2. Default Inbox now shows in the sidebar for signed-out users

Reproduction:

  1. User signs in once. Their local Inbox syncs to the cloud (or the cloud auto-seeded one for them via seed_inbox_and_welcome_note).
  2. User signs out (or token expires server-side).
  3. They cold-boot the editor.

Before this fix:

  • _loadLocalState populates _courses (cached cloud) — contains the Inbox row from the prior sign-in.
  • _ensureStarterWorkspace checks hasInbox(_courses) || hasInbox(_localCourses), finds the cached cloud Inbox in _courses, and early-returns.
  • _localCourses stays empty (the seeder never ran).
  • _allCategories for signed-out users excludes _courses (per _AppShellState's getter — cached cloud rows aren't shown to the signed-out user since the editor reads as a local-only workspace until the user re-authenticates).
  • Result: _allCategories.isNotEmpty evaluates to false, and the whole Categories section in the sidebar (gated on that bool) collapses entirely. The user sees no Inbox at all.

Fix in local_starter.dart:_ensureStarterWorkspace: when signed out, only consult _localCourses for the "do we already have an Inbox?" check. If _localCourses doesn't have one, seed a fresh local Inbox via _seedStarterInboxAlongsideExisting so the sidebar is never empty for signed-out users.

When signed in, the original logic stands — a cached cloud Inbox is authoritative because it'll be in _allCategories via the spread.

3. Casdoor config-probe failures now log a debug-log breadcrumb

The probe in each app's _loadInitialData was wrapped in catch (_) { /* shadow mode or transient */ }. That was great for shadow-mode setups (where /auth/casdoor/config/ returns {configured: false} as a 200 response — no exception, no log), but it silently masked stale-deploy bugs. Specifically: the production deploy at notechondria.trance-0.com reported version: "0.0.0" and 404'd on /auth/casdoor/config/, so the SSO pill never appeared and the user had no UI breadcrumb to diagnose why.

editor_app, planner_app, and portal_app now log a WARNING line shaped per AGENTS.md §1.7:

"Casdoor SSO surface unavailable: <App>.Auth/casdoor.config.probe — <cause>."

The <App> prefix comes from the per-app canonical module list in docs/AGENTS.md. Shadow-mode setups (where the probe returns 200 with configured: false) still don't log — only actual exceptions.

Verification

  • python manage.py check → System check identified no issues (0 silenced).
  • flutter analyze from notechondria_shared, editor_app, planner_app, portal_app → zero new errors / warnings.
  • Local handshake smoke test reports the live commit + version, not 0.0.0.

Operator runbook (after this round deploys)

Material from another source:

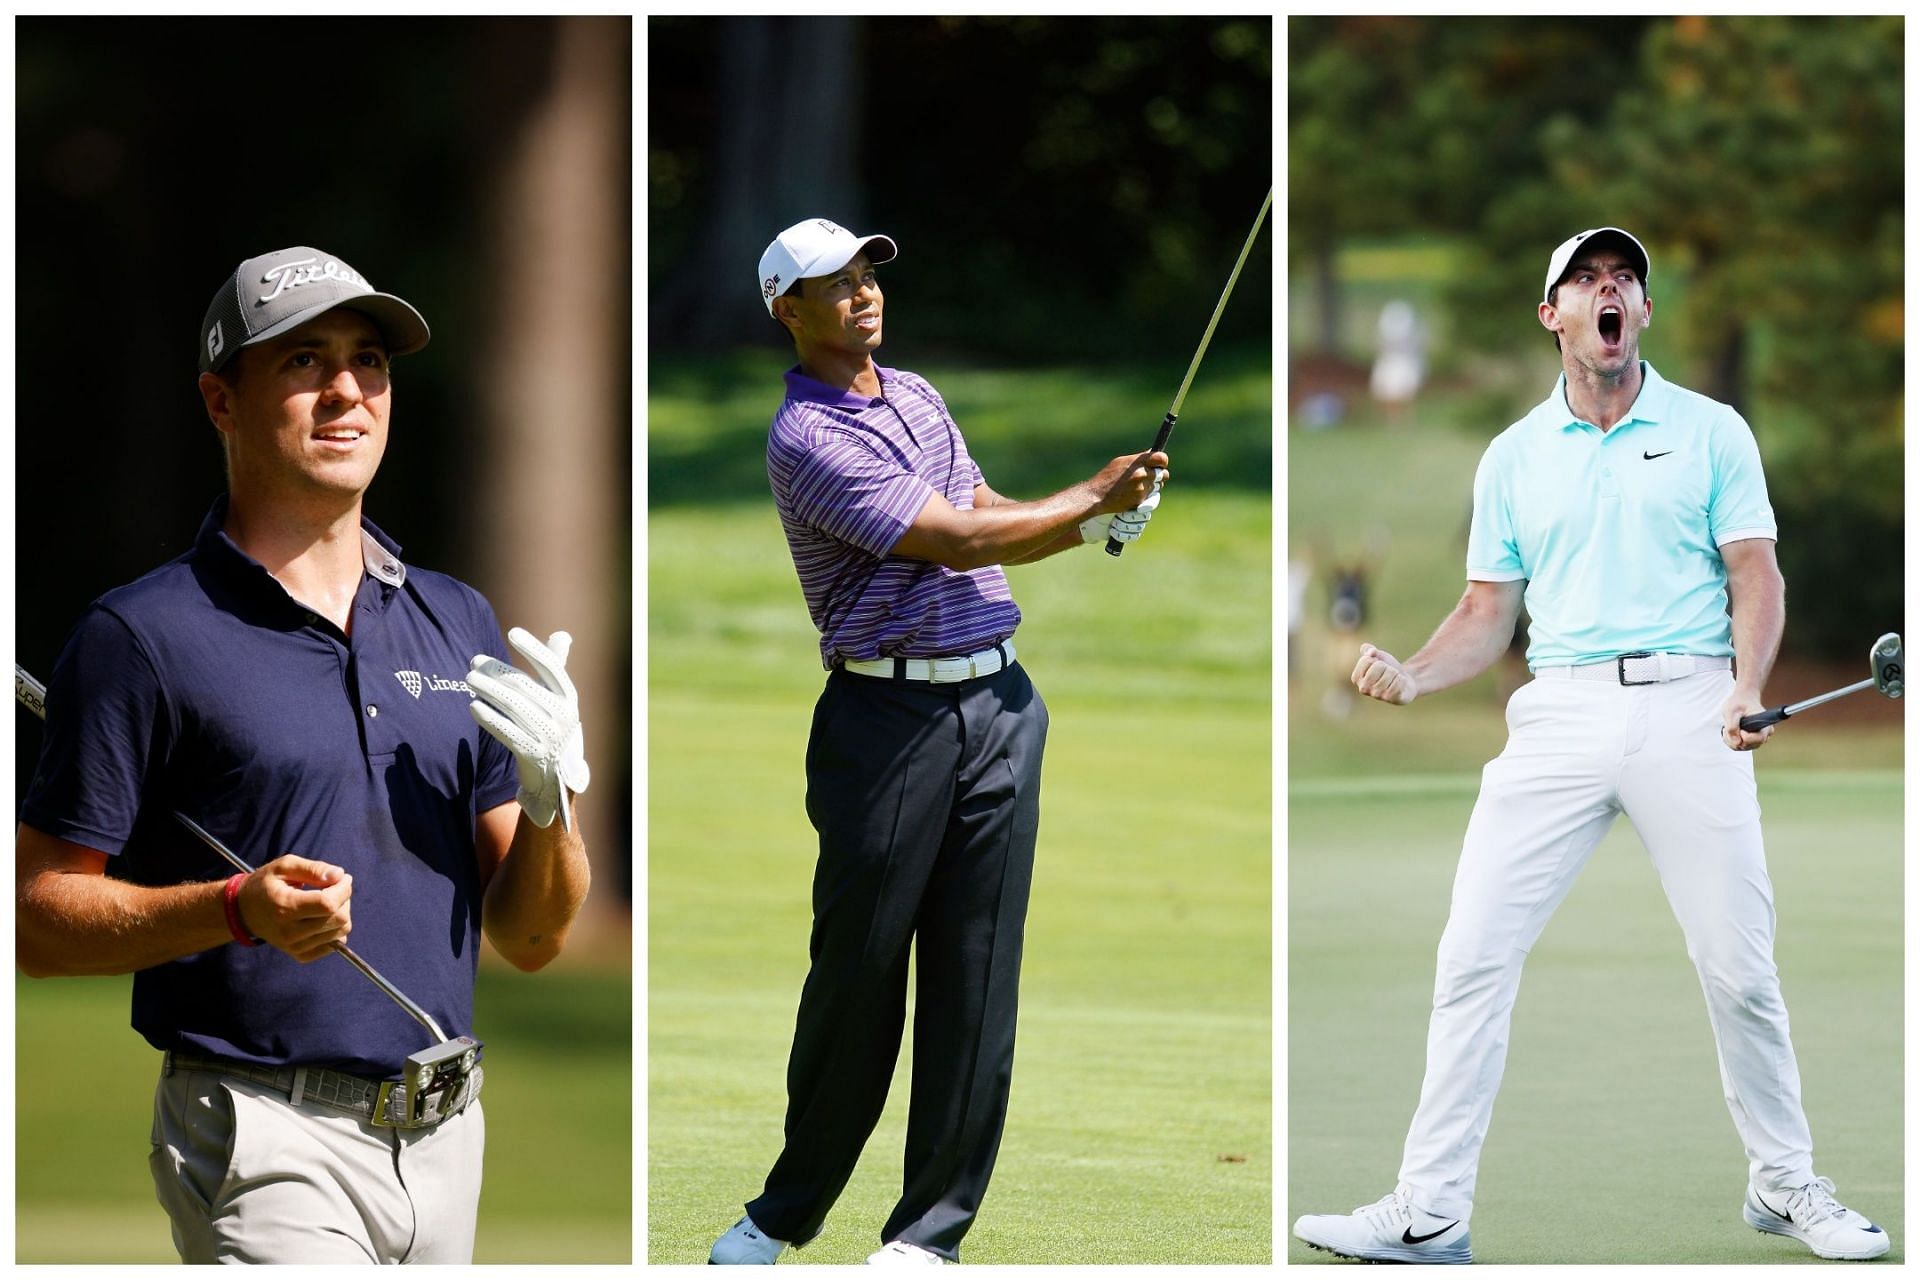 Justin Thomas, Tiger Woods and Rory McIlroy are among the highest earners at the FedEx Cup

  1. Trigger a Northflank rebuild of the backend service. The build step picks up NORTHFLANK_GIT_COMMIT automatically via the updated northflank.json buildArguments block.
  2. Hit https://notechondria.trance-0.com/api/v1/handshake/ and confirm:
    • version matches the latest committed VERSION file.
    • build.commit is the SHA of the deployed branch.
    • build.build_time is the image build timestamp (UTC ISO).
    • build.deploy_target is "northflank".
  3. Hit https://notechondria.trance-0.com/api/v1/auth/casdoor/config/ and confirm it's no longer 404. Should return {configured: true, endpoint, client_id, organization, application, signin_url} (assuming CASDOOR_* env vars are populated on the service).
  4. Open any frontend signed out — confirm the Casdoor SSO pill, "Login via third party" outlined button, and "No account? Sign up via Casdoor" link all render. The UI debug log no longer hides probe failures.
  5. Cold-boot the editor signed out — confirm the Inbox row appears in the sidebar Categories section regardless of whether the cached _courses (cloud) has an Inbox from a prior session.

Carryover

  • User-migration to Casdoor still pending — the migrate_users_to_casdoor command exists (since 0.1.101) but hasn't been run against production. See the operator notes the agent left in chat for the access constraints.
  • The dead RegistrationWizard / EmailCodeDialog / PasswordResetDialog widgets and the per-app _SettingsPage callback fields are still around as carryover from 0.1.103.